The senseless struggle between value and growth
Howard Marks sees himself as a value investor, but in his memo he advises against making a strict distinction between value and growth investors. “At some point, camps of value and growth developed almost the same passion as rival political factions.
The y have pledged allegiance to one or the other, and this is how they make their future investments. Believing their path is the only one, they looked to practitioners the other [Theorie] “says Marks, referring to the strict line between value and growth.

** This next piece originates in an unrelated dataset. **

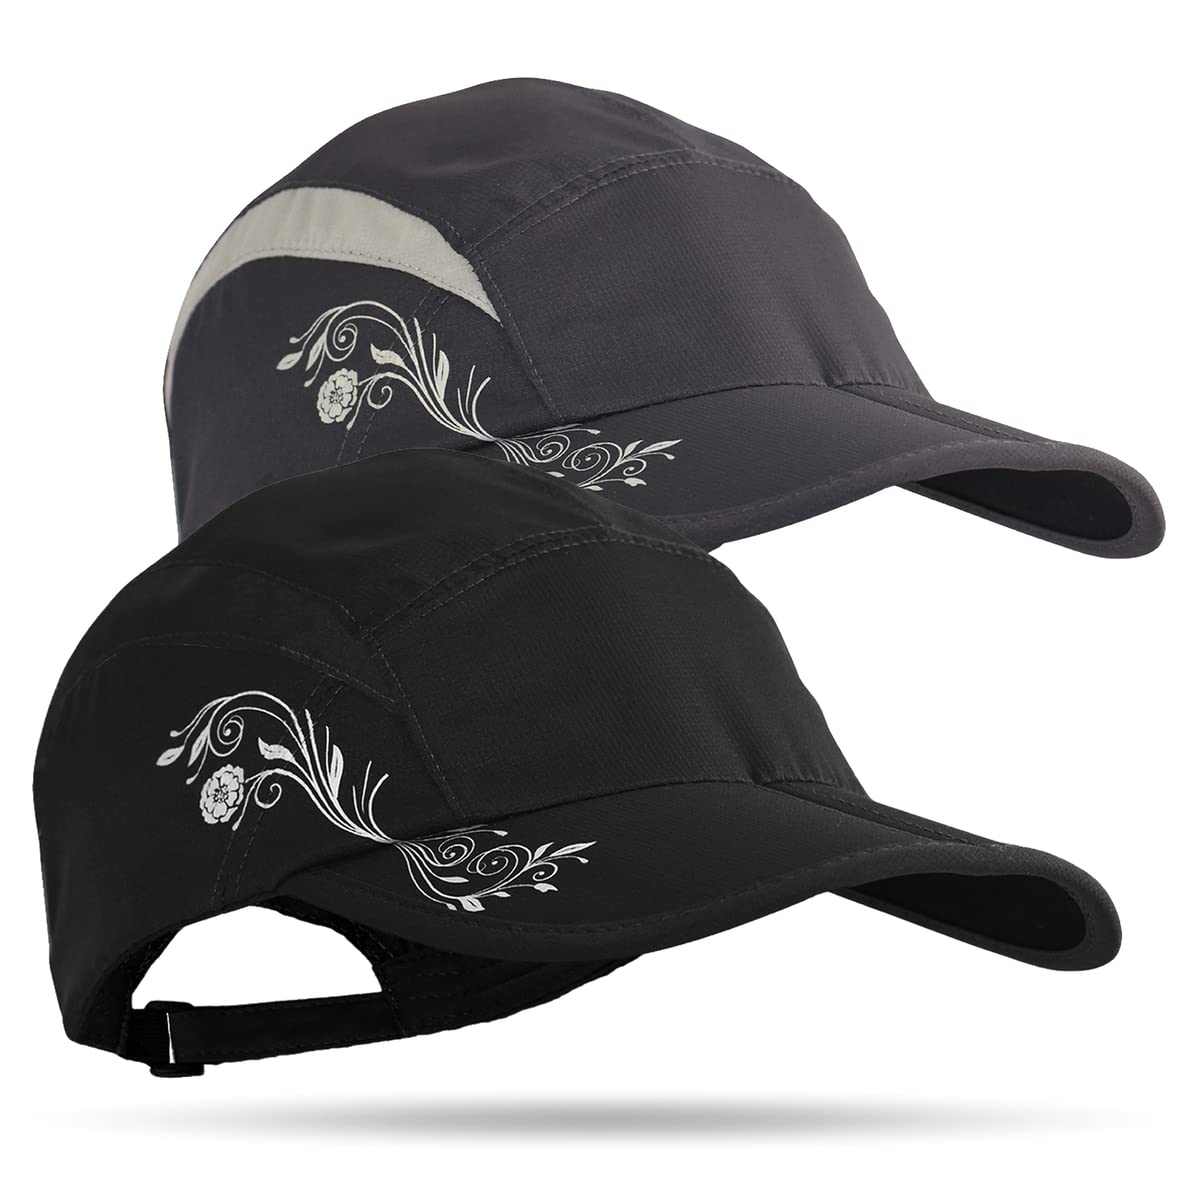 TrailHeads Folding Bill Running Hat for Women Summer Cap with UV Protection Black Print Grey Print

The expert pinpoints the differences between these two camps at a special point. While growth investors, according to Marks, have a strong belief in unproven business models that can suffer serious setbacks from time to time, value investors tend to focus more on today’s cash flows and assets.
Despite certain differences and differences between these two investment strategies, according to Marks, nothing speaks against merging the two strategies. “Either [Benjamin] Graham and Buffett achieved success with a variety of styles and viewed value investing primarily as adhering to fundamental business analysis separate from the study of market price movements, “said the expert.
Buffett’s inadvertent impact on the value scene
The expert mainly relates this to the recent investment in Apple, which is now one of the old master’s most successful investments.
“While Buffett has long understood that a company’s prospects are a huge part of its value, his career avoidance of technology stocks may have resulted in most value investors inadvertently boycotting these stocks,” said Buffett Marks.
Accordingly, Marks assumes that Buffett and Graham’s paradigms have led to the fact that the fronts between value and growth investors have hardened more and more. However, the expert considers a strict delimitation of these two theories to be nonsense.
The much debated distinction between value and growth makes some people think they are just hammers, although they may have access to a whole toolbox. We now live in a complex world where a number of tools are required to be successful, “he said the financial market expert on the nonsensical distinction between value and growth.
Investors have to overcome old thought patterns
The fact that a company is growing rapidly, relies on intangibles like technology for success, and / or has high P / E ratios , shouldn’t mean that “it’s not for value investors,” Marks said in the closing chapter of his memorandum.
The fact that one security has high valuations does not mean that it is overpriced, and the fact that another security has low valuations does not mean that it is a bargain,” continued Marks.
“When you find a company with a proverbial license to print money, don’t start selling their stock just because they’ve made some appreciation. You won’t find many such winners in your life, and you should get that out of those they find, “said Howard Marks in one of his closing remarks to the memorandum.
In conclusion, it can be stated that the quintessence of Howard Marks’ latest memo entitled “Something of Value” is that a strict separation between growth and value or between growth and value is no longer up-to-date. According to Marks, the fine art of investing is now rather to combine both investment strategies and not to separate them. Accordingly, both value and growth investors should now look beyond their perceptual horizon.